Uma
equipa internacional liderada por portugueses detectou os primeiros sinais da
formação de uma zona de fractura no fundo do Atlântico e propõe uma explicação
"infecciosa" para este fenómeno
Após
os grandes terramotos de 1755 e 1969 em Portugal, já se suspeitava que algo
estivesse a acontecer no fundo do Atlântico, próximo da Península Ibérica.
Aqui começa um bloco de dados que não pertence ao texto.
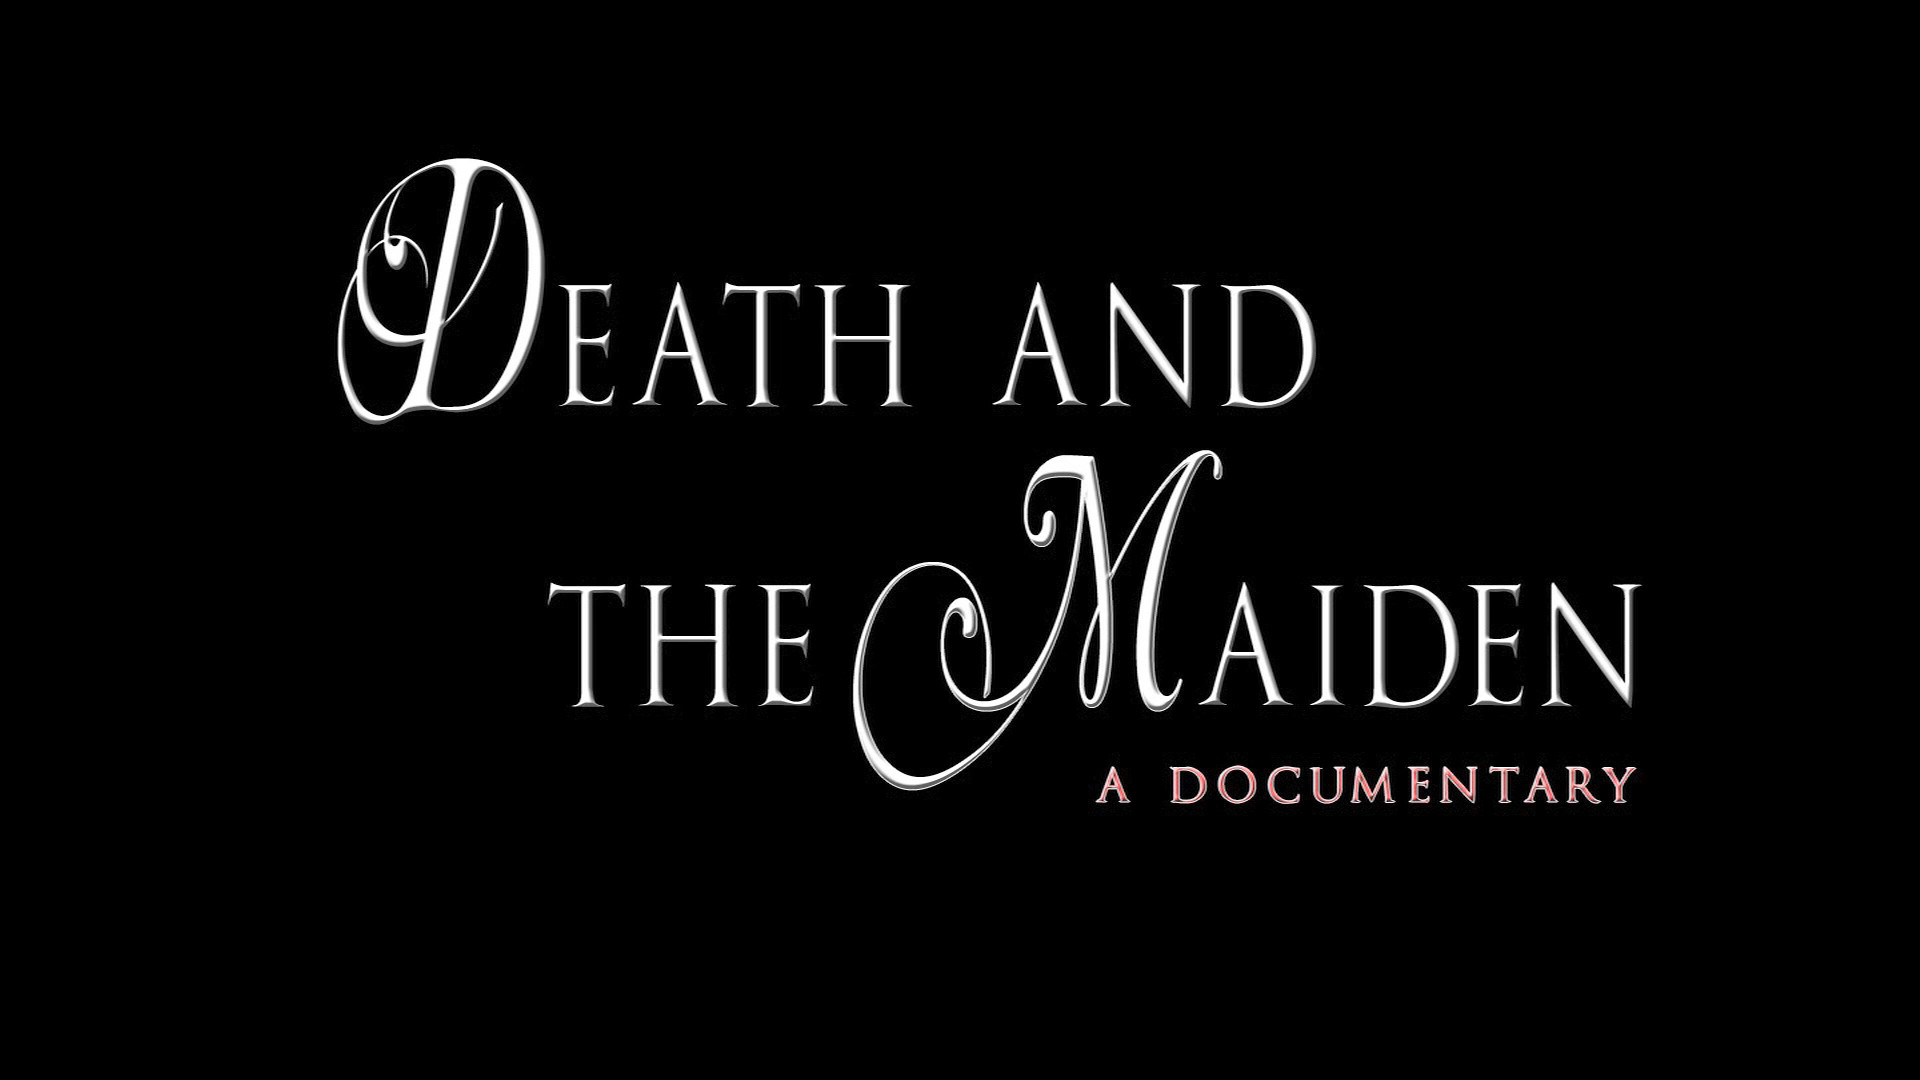 Death and the Maiden: A Documentary to join iChill Manila International Film Fest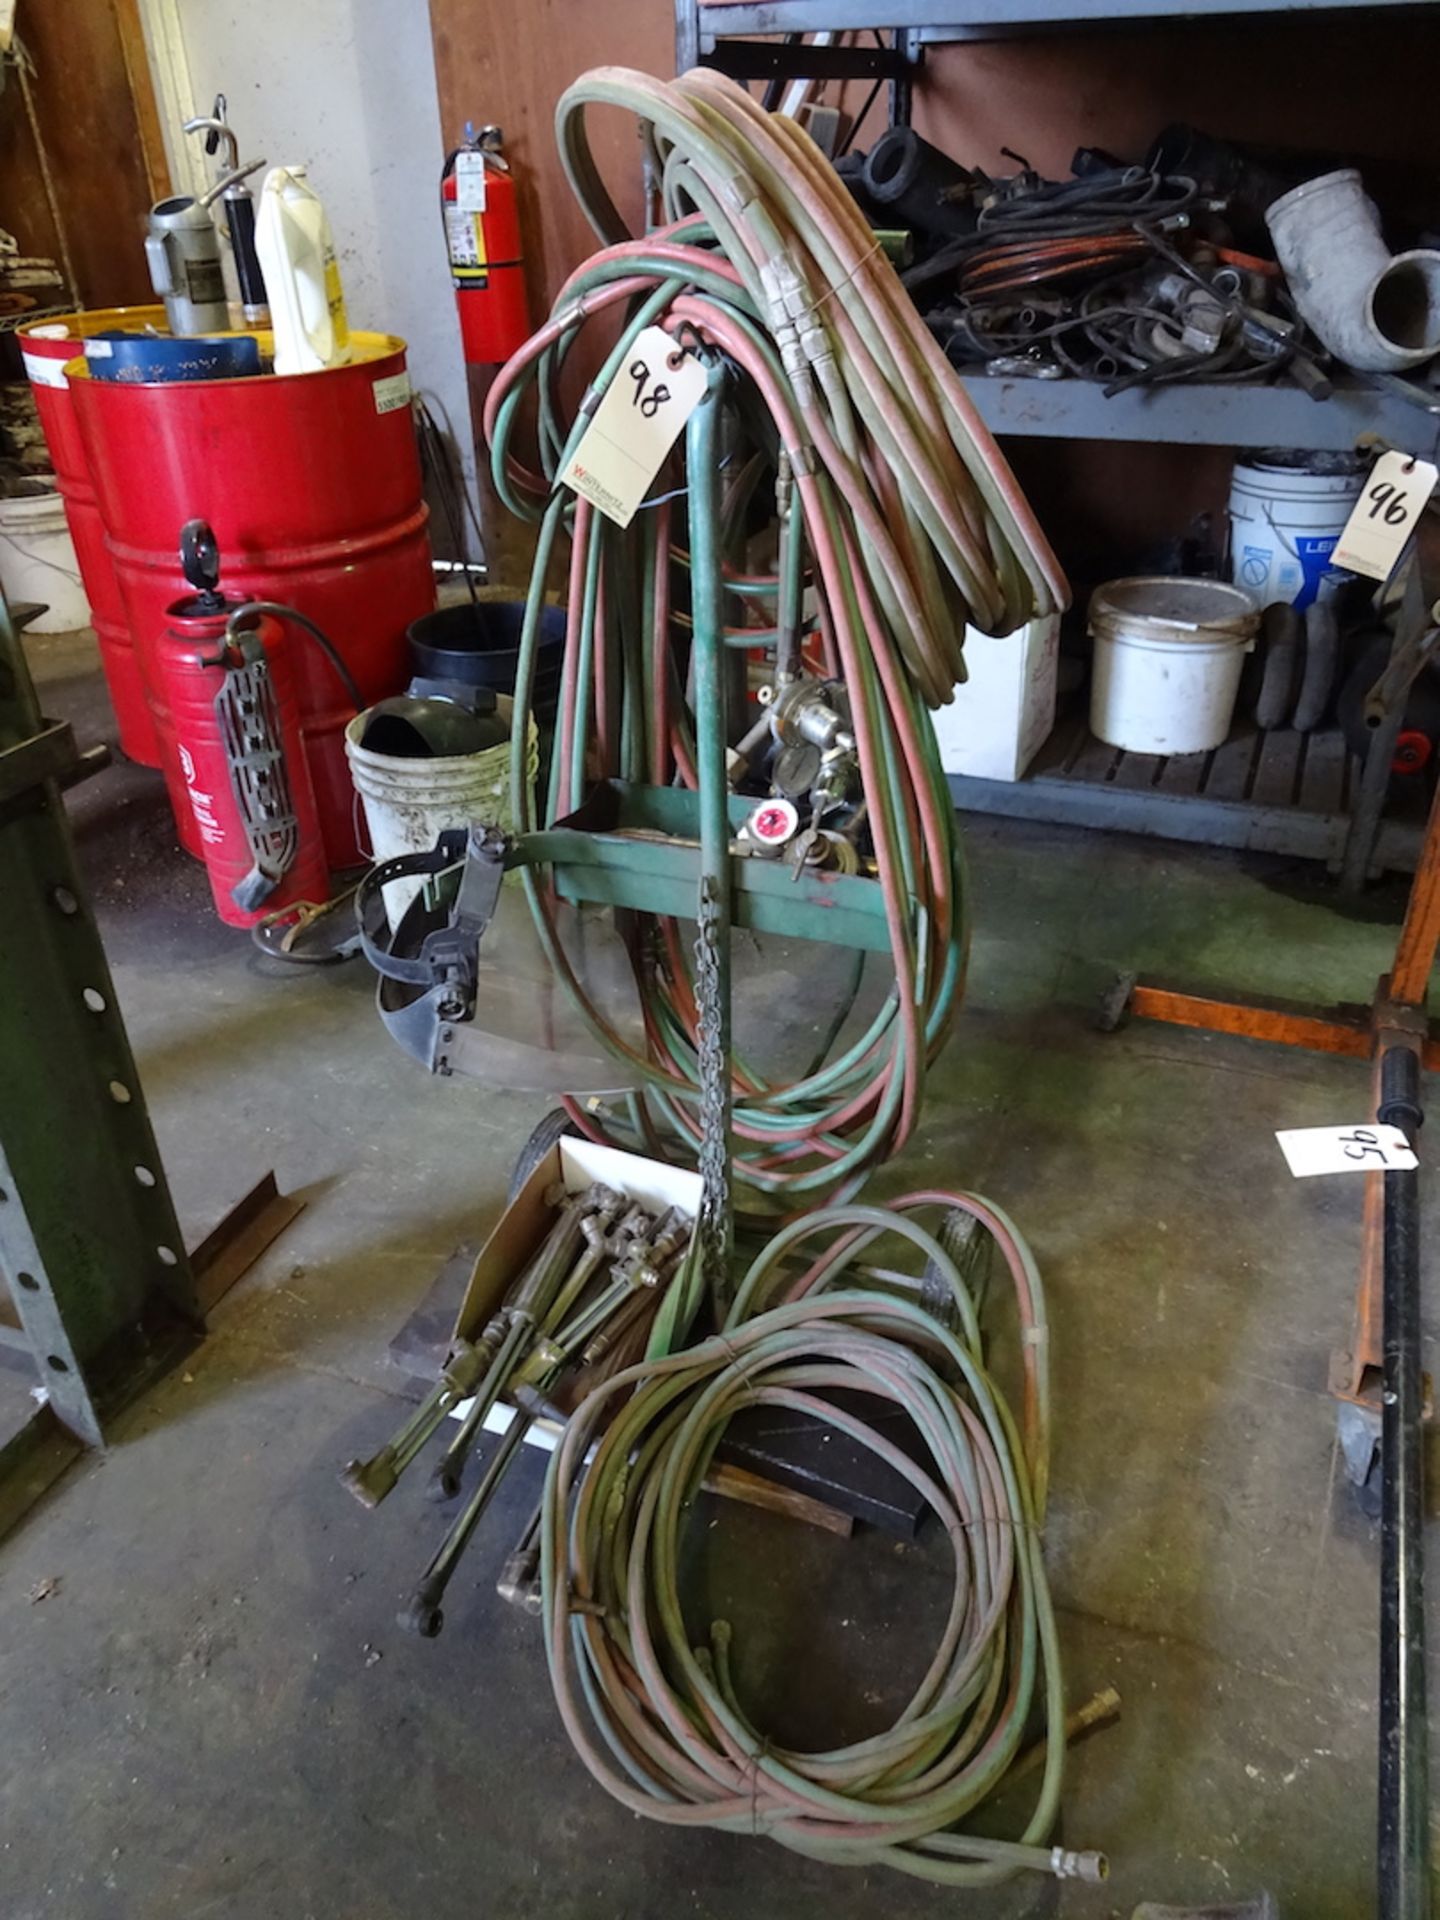 WELDING CART WITH OXYGEN/ACETYLENE GAUGES, LOTS OF TORCHES, HOSES AND FACE SHIELD, NO TANKS

Porém, tudo parecia muito calmo nas margens continentais deste lado do oceano -
ao contrário do que acontece, por exemplo, nas margens do Pacífico, onde uma
intensa actividade tectónica conduz regularmente a violentos terramotos e
erupções vulcânicas.
Mas
agora, graças a modernas técnicas de sondagem, João Duarte - actualmente a
trabalhar na Universidade de Monash, na Austrália -, colegas daquela
universidade e da Universidade de Brest (França), e Pedro Terrinha, Filipe
Rosas e António Ribeiro, da Universidade de Lisboa, concluem que afinal essa
calma era apenas aparente. Os resultados acabam de ser publicados online
na revista Geology.
Através
do mapeamento dos fundos atlânticos, estes cientistas descobriram, na margem
sudoeste ibérica, as primeiríssimas fases da formação de uma zona de subducção,
fenómeno geológico em que uma placa tectónica da Terra mergulha debaixo de
outra. Um tal fenómeno de transformação de uma margem tectónica
"passiva", onde nada acontece, numa margem onde as placas se deslocam
- e que deverá decorrer durante uns 20 milhões de anos -, nunca fora observado
até aqui em parte alguma do planeta.
"A
técnica de "batimetria multifeixe" deu-nos a morfologia e a forma do
fundo do mar com alta resolução e a técnica de "sísmica de reflexão"
forneceu-nos perfis da crosta terrestre que nos permitiram mapear as estruturas
a três dimensões" do fundo oceânico, disse ao PÚBLICO João Duarte.
"Ambas as técnicas se baseiam no princípio do sonar: usam ondas e ecos
sonoros para "ver" o fundo do mar e a crosta terrestre." Os
dados demoraram anos a serem coligidos: "Mapeámos um conjunto de falhas
compressivas interconectadas ao longo de uma extensão de aproximadamente
300km", acrescenta João Duarte.
A
confirmarem-se os resultados, isso significa, antes de mais, que, daqui a uns
220 milhões de anos, o oceano Atlântico poderá vir a desaparecer e as massas
continentais da Europa e da América poderão juntar-se num novo supercontinente.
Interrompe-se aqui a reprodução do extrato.